A Framework for Causal Concept-based Model Explanations
Anna Rodum Bjøru, Jacob Lysnæs-Larsen, Oskar Jørgensen, Inga Strümke, Helge Langseth
TL;DR
The paper tackles the opacity of high-stakes models by proposing a causal concept-based XAI framework that combines a human-friendly concept vocabulary with a causal model to produce faithful explanations. Explanations are generated locally and globally via the probability of sufficiency, enabling counterfactual and interventional analysis of concept interventions. The method is demonstrated through a proof-of-concept using CelebA with StarGAN-based concept-to-data mapping, highlighting the ability to produce counterfactual explanations and contrastive reasoning while addressing fidelity and interpretability. The work lays a foundation for integrating expert knowledge into causal models to detect spurious correlations and guide more trustworthy model explanations, with clear avenues for future improvements in concept detection, abstraction levels, and validation across domains.
Abstract
This work presents a conceptual framework for causal concept-based post-hoc Explainable Artificial Intelligence (XAI), based on the requirements that explanations for non-interpretable models should be understandable as well as faithful to the model being explained. Local and global explanations are generated by calculating the probability of sufficiency of concept interventions.
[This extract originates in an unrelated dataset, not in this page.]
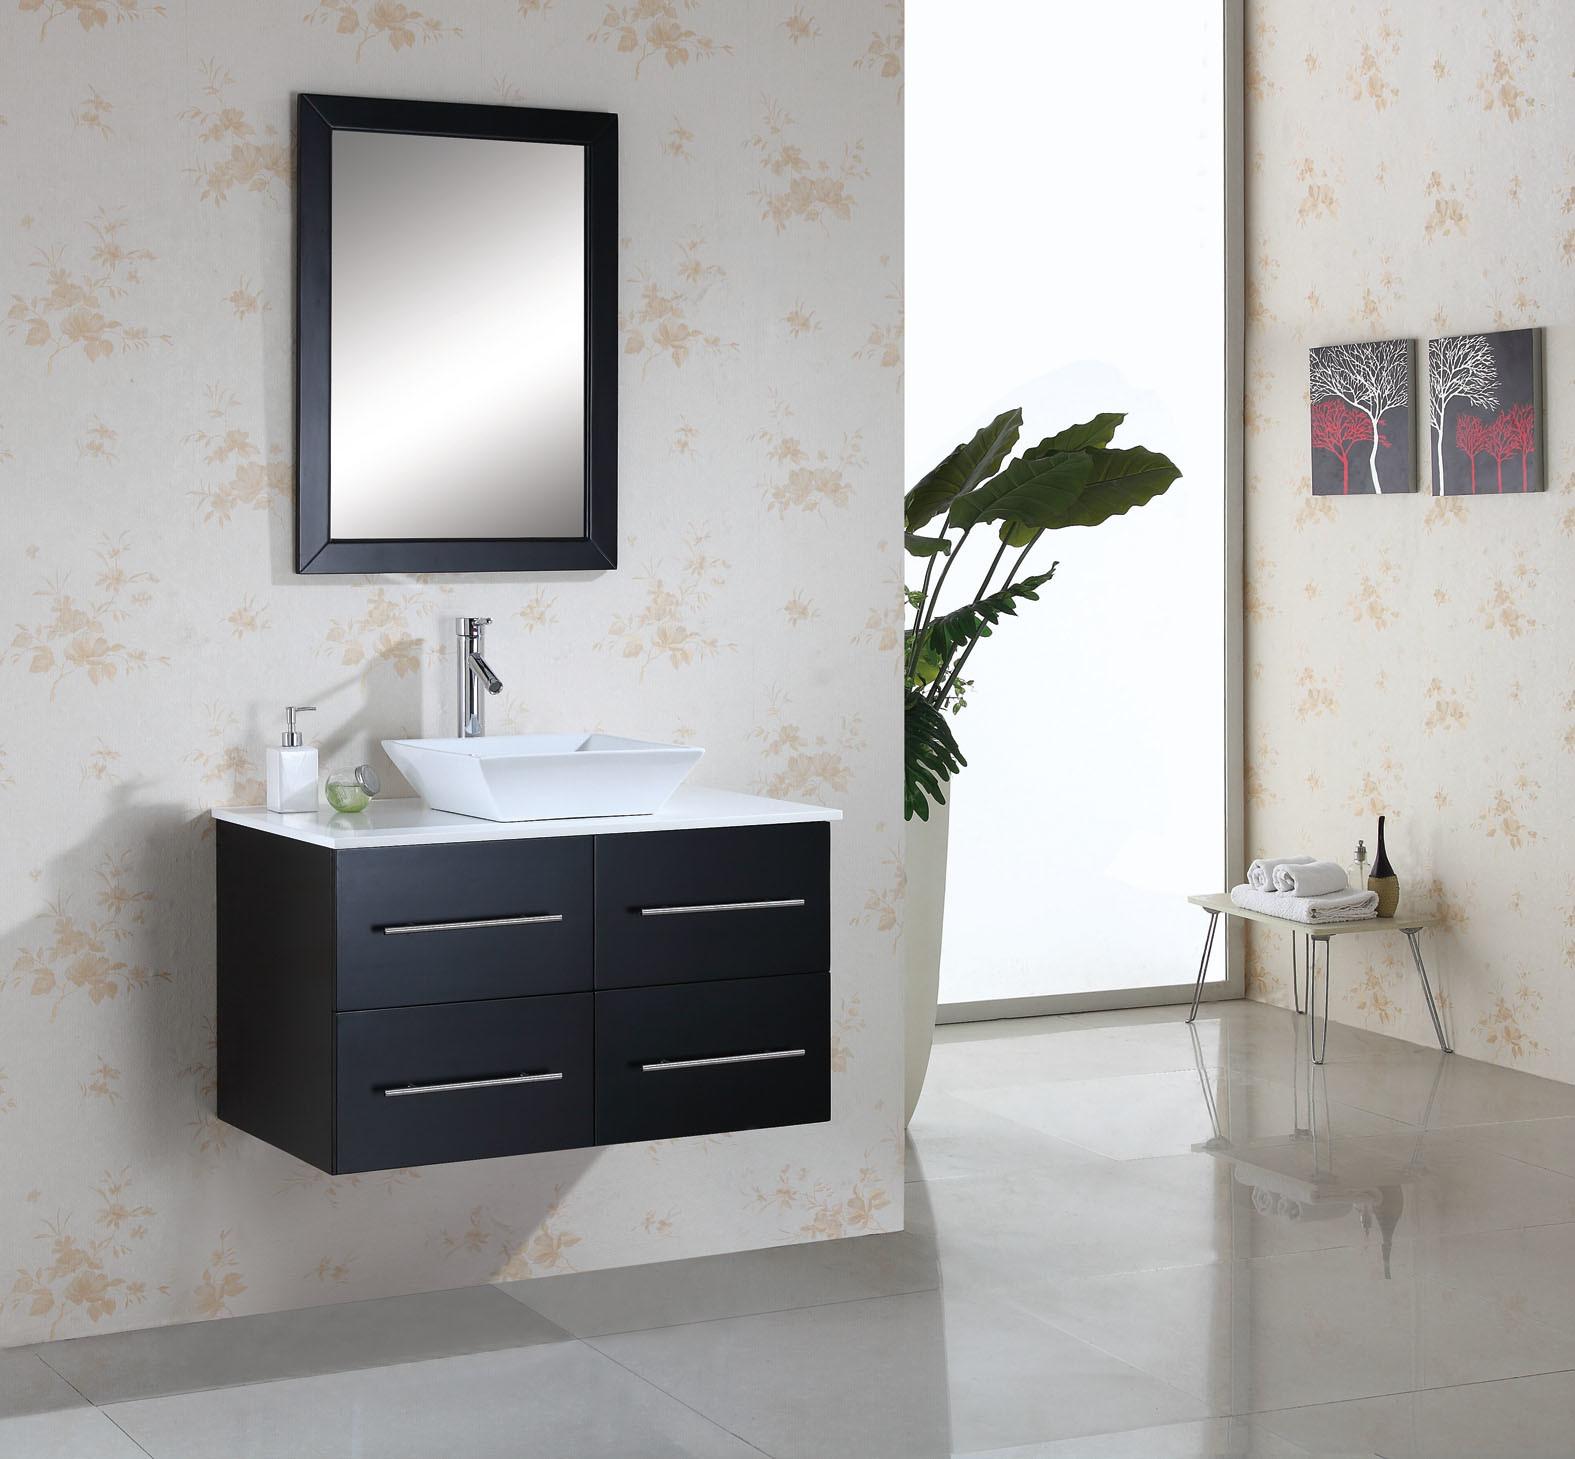 azulejos azulejos bao economicos valencia muebles para baufo similares a baufo moderno

Example explanations are presented, generated with a proof-of-concept model made to explain classifiers trained on the CelebA dataset. Understandability is demonstrated through a clear concept-based vocabulary, subject to an implicit causal interpretation. Fidelity is addressed by highlighting important framework assumptions, stressing that the context of explanation interpretation must align with the context of explanation generation.